How Blue Infrastructure Makes Cities Resilient To Climate Change

Blue Infrastructure Cover Image

Blue By Design

If you missed the first two articles in this series on living and green infrastructure, go back and check them out. This is the final installment of my living infrastructure series. While blue infrastructure is the lesser known of the three, it’s just as important! 

Blue infrastructure concerns anything related to water, such as wetlands, bioswales, canals, and water treatment facilities. The greatest benefit of blue infrastructure is its ability to mitigate flooding by increasing urban flood resilience.

Resilience is an important term in the urban greening industry. The goal of living infrastructure as a whole is to increase the ability of cities to “bounce back” after storms. With large, intense storms becoming more common due to climate change and urbanization, this is a must for the future of urban planning.

appreciating trees

Street Trees to the Rescue

If you’ve read my article on green infrastructure, you’ll know how much I love street trees! They’re obviously integral to urban greening. Now, let’s look at bioswales. This form of blue infrastructure can take many shapes, but it’s often hidden beneath street trees. It works to channel stormwater runoff while also removing debris and pollution through the soil and mulch that the trees sit in.

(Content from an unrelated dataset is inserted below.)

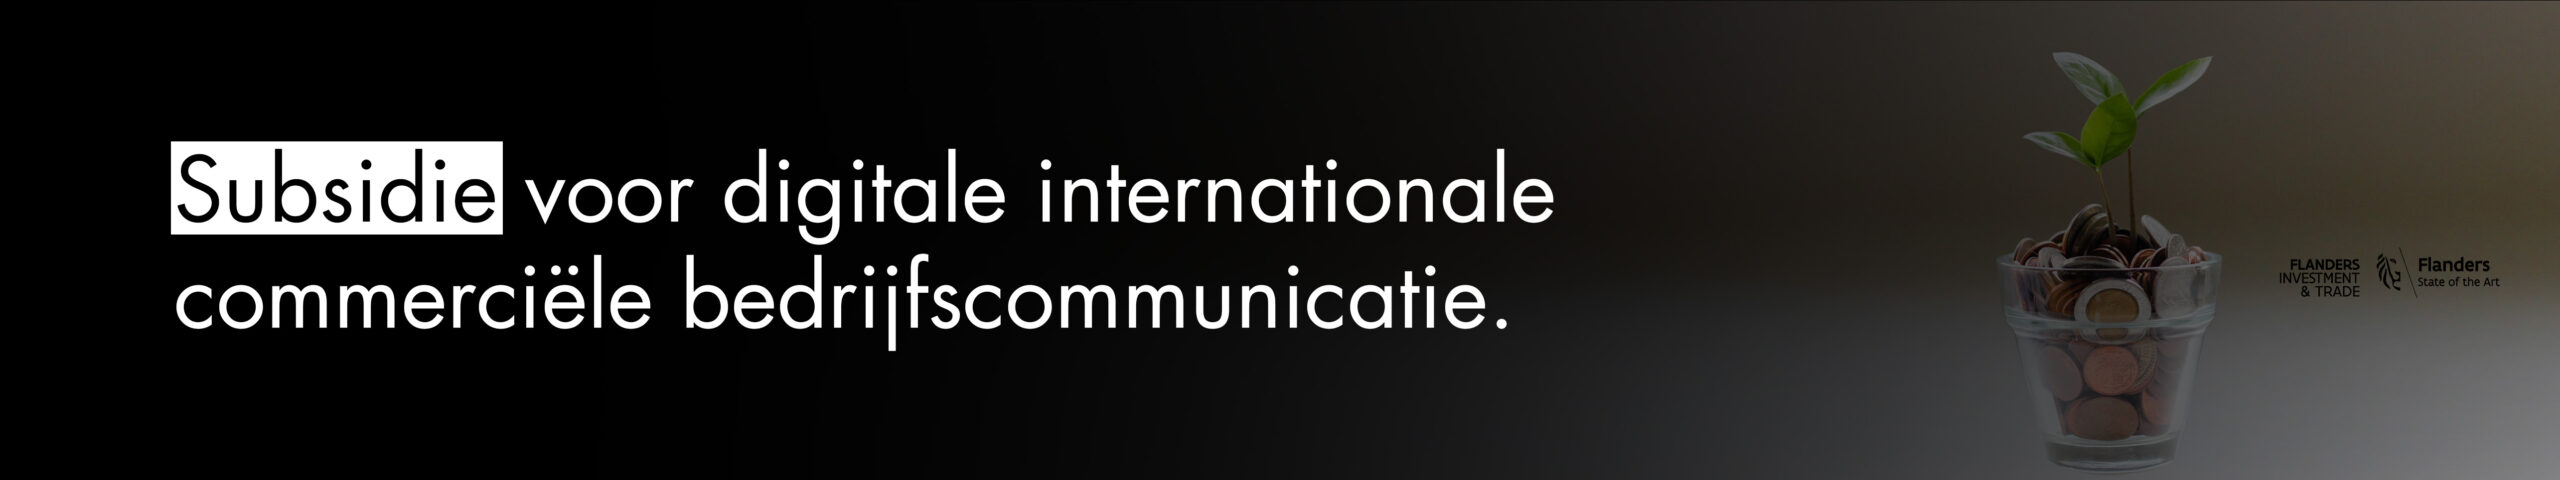 FIT-Subsidie voor digitale internationale commerciële bedrijfscommunicatie.

It makes for a pretty sweet design! As an added bonus, when storm water does reach the management plant, it has already gone through one level of filtration. The other benefit of these is that the water is absorbed and controlled. In cities, heavy rainfall can easily cause flooding. The large amounts of concrete and impermeable surfaces leave the water with nowhere to go. That’s where bioswales come in.

An excellent example of blue infrastructure, bioswales help to prevent flooding by absorbing and managing stormwater runoff.
Bioswales help prevent flooding by absorbing and managing storm water runoff. [Image: Milena Dinic Brankovic/Research Gate].

They’re a perfect example of how green and blue infrastructure collaborate. Together, they can make a city more resilient to the effects of climate change. By lining our streets with trees planted in bioswales, we can effectively manage storm water runoff and mitigate flooding.

Vancouver’s Rain City Strategy

In 2019, Vancouver implemented their Rain City Strategy. As one of Canada’s rainiest cities, this was a wise investment. This initiative focuses on managing rainwater in order to improve water quality as well as the livability of urban ecosystems.

The goal is to capture 90% of the rainwater and make it usable as a resource. In doing so, it avoids treating it as a waste product. The city is doing this by incorporating permeable pavement, absorbent landscapes, rainwater tree trenches, and other blue infrastructure.

“Plants and soils absorb and clean rain where it falls, returning it to our waterways and atmosphere. Rain is absorbed and cleaned by plants, soils and returned to our waterways by our sewer system.”

Rain City Strategy
Blue infrastructure has the ability to increase the resiliency of a city by reducing the impact of extreme rainstorms on existing infrastructure.
Blue infrastructure has the ability to increase the resiliency of a city by reducing the impact of extreme rainstorms on existing infrastructure. [Image: City of Vancouver]

Blue Infrastructure Goes Way Back

When I say way back, I don’t mean back to the ancient Roman times (although their aqueducts would beg to differ😉). My neck of the woods has a really unique example of blue infrastructure, although it didn’t quite set out with the same goals of today’s BI. I’m from Ottawa, Ontario, and we’re home to one end of the Rideau Canal.

This river is extra special to me because it also happens to be my workplace. Indeed, I’ve been working for Parks Canada for the past four, soon to be five, summers. It’s been a great experience, and I genuinely appreciate all the blue infrastructure. River management is key!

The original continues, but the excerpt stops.